I am working with a data-frame in R. I have the following function which removes all rows of a data-frame df where, for a specified column index/attribute, the value at that row is outside mean (of column) plus or minus n*stdev (of column).
remove_outliers <- function(df,attr,n){
outliersgone <- df[df[,attr]<=(mean(df[,attr],na.rm=TRUE)+n*sd(df[,attr],na.rm=TRUE)) & df[,attr]>=(mean(df[,attr],na.rm=TRUE)-n*sd(df[,attr],na.rm=TRUE)),]
return(outliersgone)
}
There are two parts to my question.
(1) My data-frame df also has a column 'Group', which specifies a class label. I would like to be able to remove outliers according to mean and standard deviation within their group within the column, i.e. organised by factor (within the column). So you would remove from the data-frame a row labelled with group A if, in the specified column/attribute, the value at that row is outside mean (of group A rows in that column) plus/minus n*stdev (of group A rows in that column). And the same for groups B, C, D, E, F, etc.
How can I do this? (Preferably using only base R and dplyr.) I have tried to use df %>% group_by(Group) followed by mutate but I'm not sure what to pass to mutate, given my function remove_outliers seems to require the whole data-frame to be passed into it (so it can return the whole data-frame with rows only removed based on the chosen attribute attr).
I am open to hearing suggestions for changing the function remove_outliers as well, as long as they also return the whole data-frame as explained. I'd prefer solutions that avoid loops if possible (unless inevitable and no more efficient method presents itself in base R / dplyr).
(2) Is there a straightforward way I could combine outlier considerations across multiple columns? e.g. remove from the dataframe df those rows which are outliers wrt at least $N$ attributes out of a specified vector of attributes/column indices (length≥N). or a more complex condition like, remove from the dataframe df those rows which are outliers wrt Attribute 1 and at least 2 of Attributes 2,4,6,8.
(Ideally the definition of outlier would again be within-group within column, as specified in question 1 above, but a solution working in terms of just within column without considering the groups would also be useful for me.)
Ok - part 1 (and trying to avoid loops wherever possible):
Here's some test data:
test_data=data.frame(
group=c(rep("a",100),rep("b",100)),
value=rnorm(200)
)
We'll find the groups:
groups=levels(test_data[,1]) # or unique(test_data[,1]) if it isn't a factor
And we'll calculate the outlier limits (here I'm specifying only 1 sd) - sorry for the loop, but it's only over the groups, not the data:
outlier_sds=1
outlier_limits=sapply(groups,function(g) {
m=mean(test_data[test_data[,1]==g,2])
s=sd(test_data[test_data[,1]==g,2])
return(c(m-outlier_sds*s,m+outlier_sds*s))
})
So we can define the limits for each row of test_data:
test_data_limits=outlier_limits[,test_data[,1]]
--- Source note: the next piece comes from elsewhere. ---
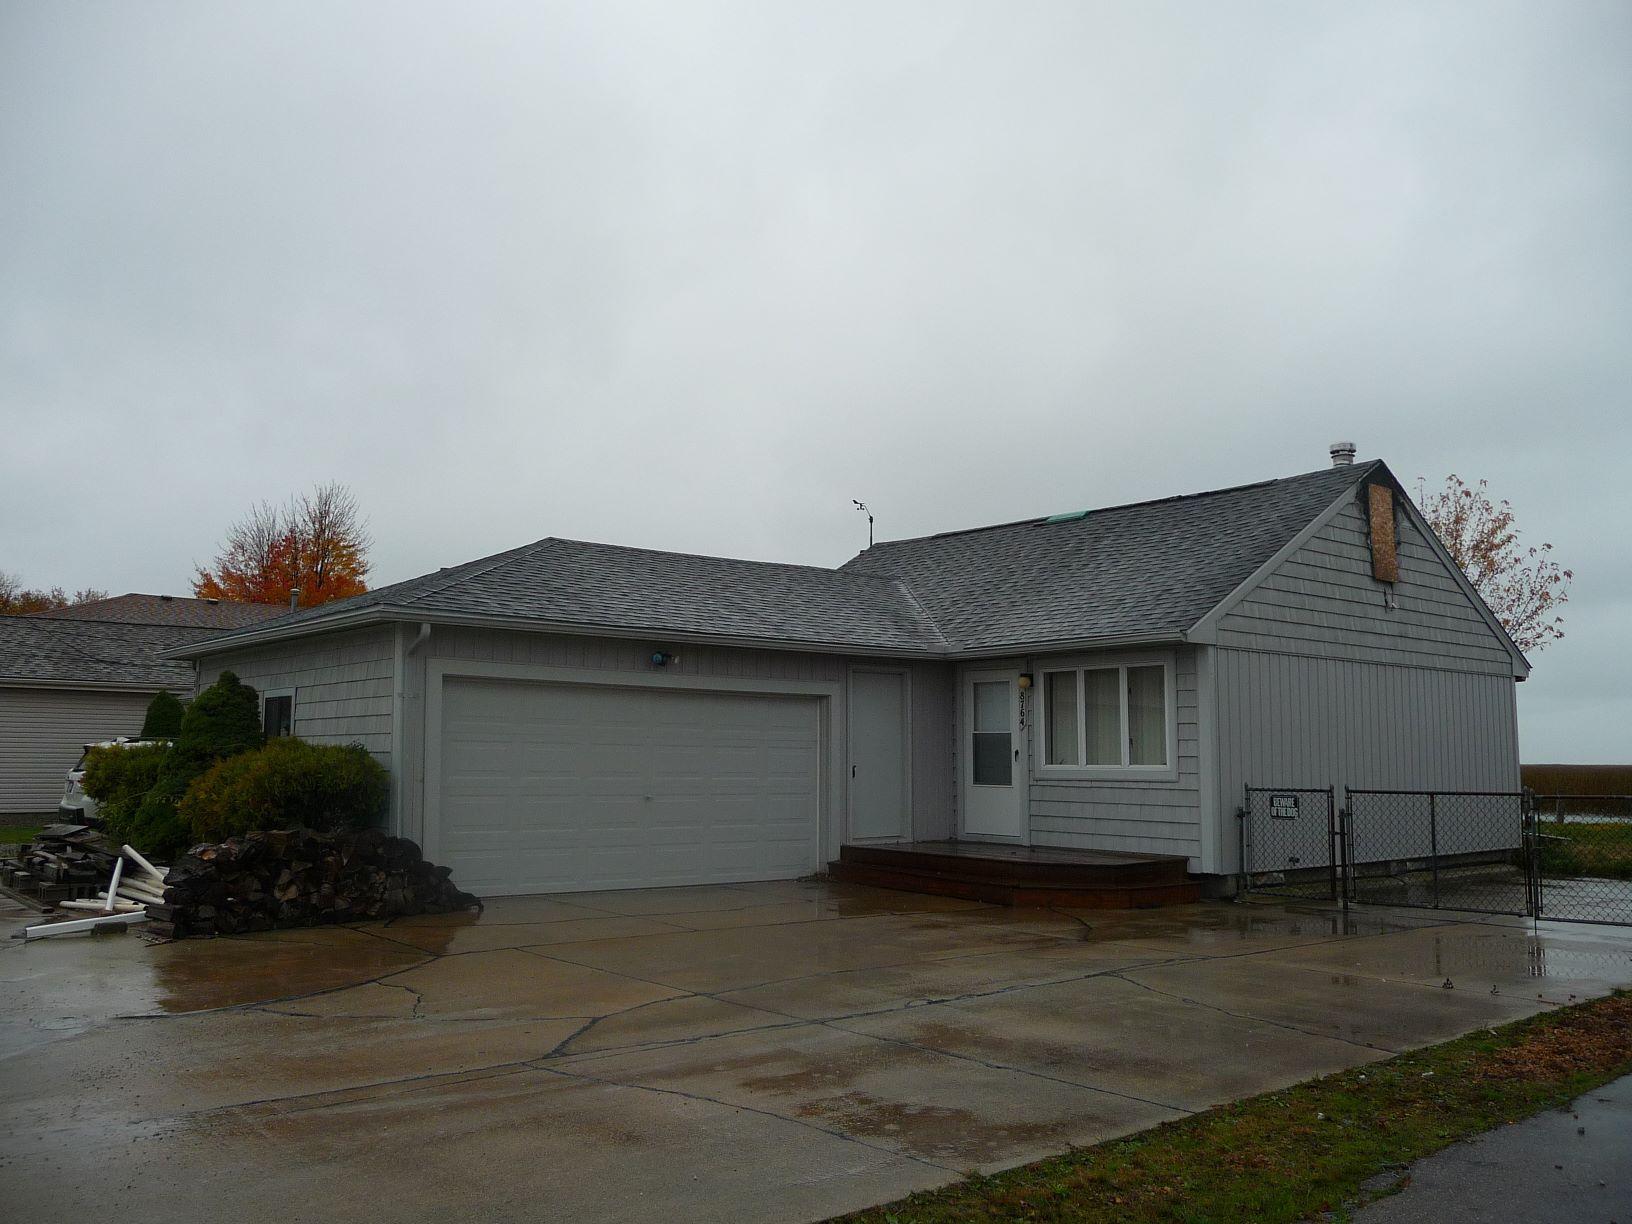 8764 Anchor Bay Dr, Clay Township, MI

And use this to determine the outliers:
outliers=test_data[,2]<test_data_limits[1,] | test_data[,2]>test_data_limits[2,]
(or, combining those last steps):
outliers=test_data[,2]<outlier_limits[1,test_data[,1]] | test_data[,2]>outlier_limits[2,test_data[,1]]
Finally:
test_data_without_outliers=test_data[!outliers,]
EDIT: now part 2 (apply part 1 with a loop over all the columns in the data):
Some test data with more than one column of values:
test_data2=data.frame(
group=c(rep("a",100),rep("b",100)),
value1=rnorm(200),
value2=2*rnorm(200),
value3=3*rnorm(200)
)
Combine all the steps of part 1 into a new function find_outliers that returns a logical vector indicating whether any value is an outlier for its respective column & group:
find_outliers = function(values,n_sds,groups) {
group_names=levels(groups)
outlier_limits=sapply(group_names,function(g) {
m=mean(values[groups==g])
s=sd(values[groups==g])
return(c(m-n_sds*s,m+n_sds*s))
})
return(values < outlier_limits[1,groups] | values > outlier_limits[2,groups])
}
And then apply this function to each of the data columns:
test_groups=test_data2[,1]
test_data_outliers=apply(test_data2[,-1],2,function(d) find_outliers(values=d,n_sds=1,groups=test_groups))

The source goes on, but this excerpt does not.